Baro paused in his reading and asked the hotel integrator, “Have there been any strong representations from Sheritics wishing to alter the terms of the trust?”
The hotel replied, “Some years back, there was a discussion about increasing the stipend to allow renunciants to live abroad in the style to which they are accustomed.”
“Who opened the discussion, and why?”
“A few young commerciants. They felt that renunciant status brought a disadvantage to those who enjoyed gadding about beyond the county’s borders.”
“What happened to them?”
“The College of Trustees declined to alter the Divestment’s Grand Charter. Some of the petitioners left the county without taking platinum. The others donated their fortunes when they became grand enough and were duly accepted as renunciants. They are now themselves members of the College. So all is as it should be.”
Baro decided that, as the guiding intelligence of a fine hotel, the integrator was disposed to err on the side of conservativism. Besides, the young man’s training had encouraged him not to accept bland assurances. “How may I contact the College?” he asked.
“They do not welcome casual inquiries,” said the hotel.
“I am an agent of the Bureau of Scrutiny. My interest concerns a possible offense,” said Baro, producing his identifying card.
“Probationary agent,” said the hotel’s integrator, whose visual percepts were more exact than the eyes of the front desk clerk, though both man and machine seemed to be afflicted with the same disdainful sniff.
The young man cleared his throat. “True,” he said, “and you are at liberty to refuse a probationer’s query, although that may mean that someday you will see me return fully fledged at the head of an audit team.”
“Audits disrupt our operations,” said the hotel. “Guests are discommoded.”

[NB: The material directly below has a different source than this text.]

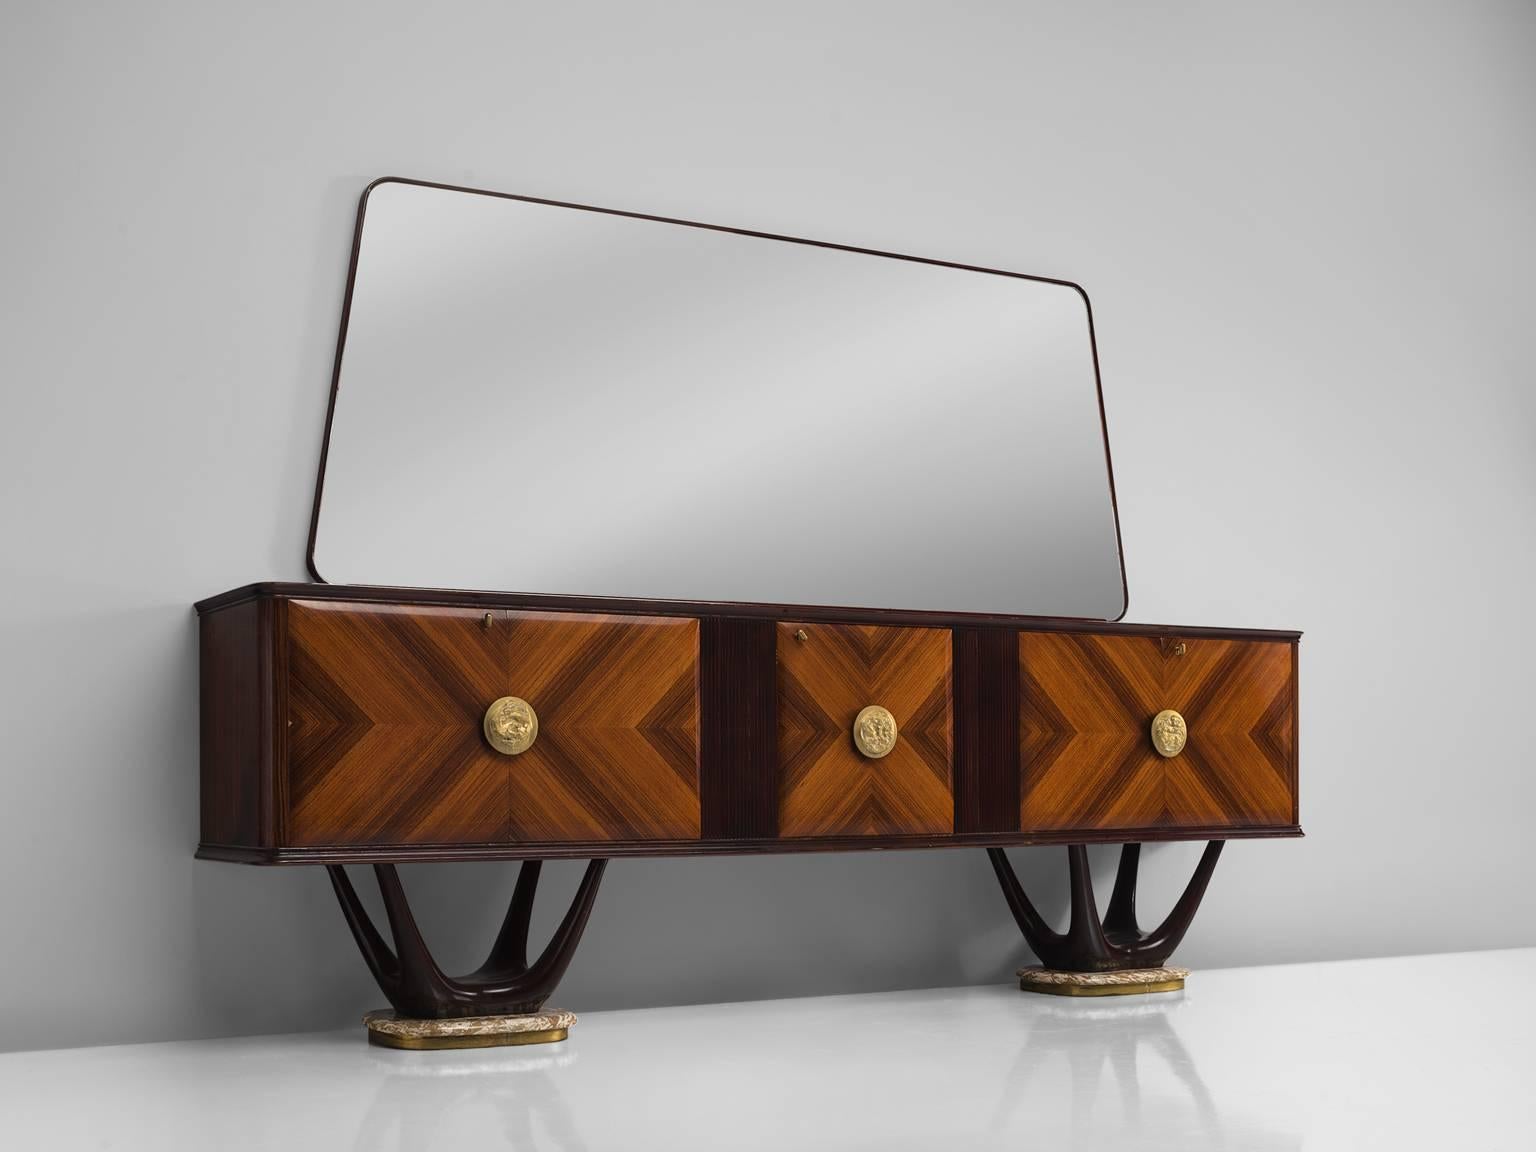 Fratelli Turri, sideboard, in mahogany, rosewood, maple, marble, glass and brass, Italy, 1950s.

This theatrical credenza features a large mirror in the style of Vittorio Dassi. The cabinet itself is made of a mahogany construction. The doors are

“The Bureau’s suspicions are easily aroused, and once an investigation is begun, we fearlessly follow wherever it may lead. I must inform you that your reluctance to answer my innocuous question has already set my curiosity to tingling.”
The hotel muttered something Baro couldn’t quite catch, although it might have included the phrase “cranny-poking scroot.” Then the voice said, in its normal plummy tones, “As it happens, this afternoon the Divestment holds an annual general meeting at its headquarters on South Hoadeyo Prospect. All the Trustees will be present.”
“Is the meeting open to the public?”
“It is not closed,” said the hotel, in a tone that somehow indicated a shrug.
The young man thought for a moment, then asked, “What time is the meeting?”
“Three hours past meridian.”
Another thought occurred to the agent. “Has Florion Tobescu asked for a wake-up call?”
The hotel confirmed that he had.
“For what time?”
“Two and a half hours after meridian.”
Baro thought some more. “What kind of matters are decided at the meeting?” he asked.
“Policy matters,” said the hotel. “Investment strategies. Recipients consider it ungracious to pry into the College’s deliberations; it is like receiving a gift then sending it out to be valued.”
“Nonetheless,” said Baro, “have any recent decisions of the College generated controversy?”
The hotel’s answer was a while in arriving. “It is not a subject for polite conversation.”
“We are not having a polite conversation. In fact, I am beginning to think of this as an investigation in its formative stages.”
“They are no more than vile rumors,” said the voice, “scurrilous natterings of envious malcontents. Decent recipients pay no heed.”
“The Bureau weighs decency on its own scales,” said Baro. “What is the nature of these rumors?”
The hotel was not forthcoming, but in the next few minutes Baro Harkless coaxed some snippets of information from its data banks. The hotel integrator knew little, and most of what it could tell him had been gleaned from overheard conversations among menial employees.